The first quarter of 2026 marked the worst opening quarter for tech employment since 2023, with approximately 78,557 workers losing their jobs between January and April, according to an analysis by RationalFX reported by Nikkei Asia. More striking than the headline figure is what companies say is driving it: nearly half of all cuts — roughly 37,638 positions — were directly or indirectly linked to AI adoption and workflow automation.
The Numbers Paint a Stark Picture
The United States bore the brunt of the downturn, accounting for more than 76% of all cuts, or approximately 60,000 jobs. The data, compiled from company announcements, labor department records, and job trackers, suggests that Q1 2026 was worse for tech layoffs than the same period in either 2024 or 2025.
Oracle was among the most prominent companies conducting large-scale reductions, reportedly cutting upwards of 25,000 positions — roughly 18% of its global workforce — as part of a broader restructuring tied to its AI infrastructure investments, though the company has not officially confirmed the total number.
AI as Driver — or Scapegoat?
Not everyone is convinced that artificial intelligence deserves nearly half the blame. Babak Hodjat, Chief AI Officer at Cognizant, pushed back on the narrative, suggesting that "much of the workforce reduction could be motivated more by the anticipations regarding AI than efficiency improvements." He added that AI sometimes becomes a "scapegoat from a financial perspective" for companies that over-hired during earlier boom cycles and are now resizing.

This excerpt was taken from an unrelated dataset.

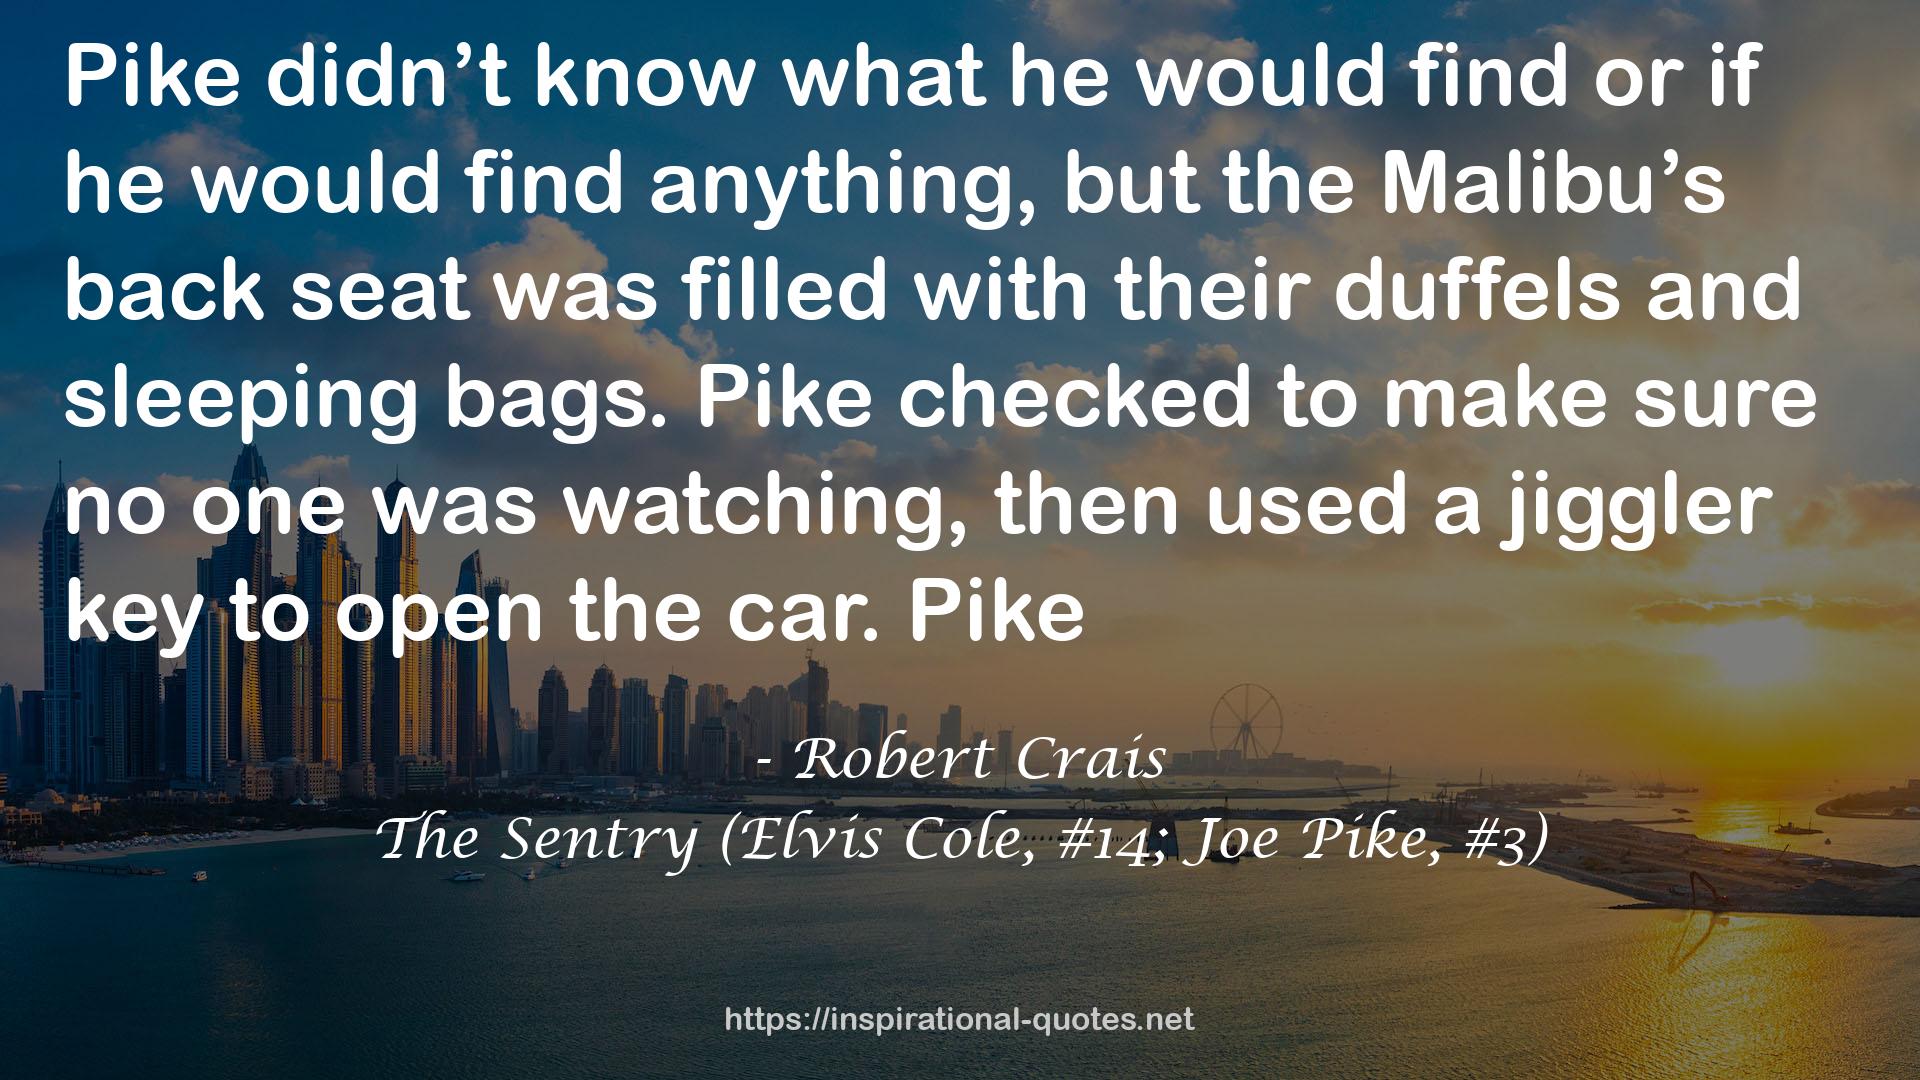 The Sentry (Elvis Cole, #14; Joe Pike, #3) QUOTES

Hodjat noted that real productivity benefits from enterprise AI integration could still take six months to a year to materialize, meaning many companies may be cutting staff in anticipation of gains that have not yet arrived. "You do need that last mile to make all these systems work for an enterprise," he said.
Contrasting Approaches
The layoff wave is far from universal. Cognizant itself is investing heavily in AI capabilities, opening new AI labs in San Francisco and Bengaluru while prioritizing employee reskilling over mass terminations. IBM has reportedly tripled its entry-level hiring in 2026, arguing that even AI-capable workflows still require human expertise and oversight.
These divergent strategies highlight a growing split in the industry between companies treating AI as a reason to shrink their workforce and those viewing it as an opportunity to retrain and redeploy talent.
What Comes Next
Analysts warn that the current figures may understate the true employment impact of AI adoption. As enterprise AI tools mature and deliver measurable productivity gains over the coming months, a second wave of workforce restructuring could follow — this time driven by demonstrated efficiencies rather than speculation.
For the nearly 80,000 workers already affected, the distinction between AI-driven displacement and AI-justified downsizing offers little comfort. What is clear is that the labor market disruption long predicted by AI researchers is no longer theoretical — it is showing up in quarterly earnings calls and severance packages across the industry.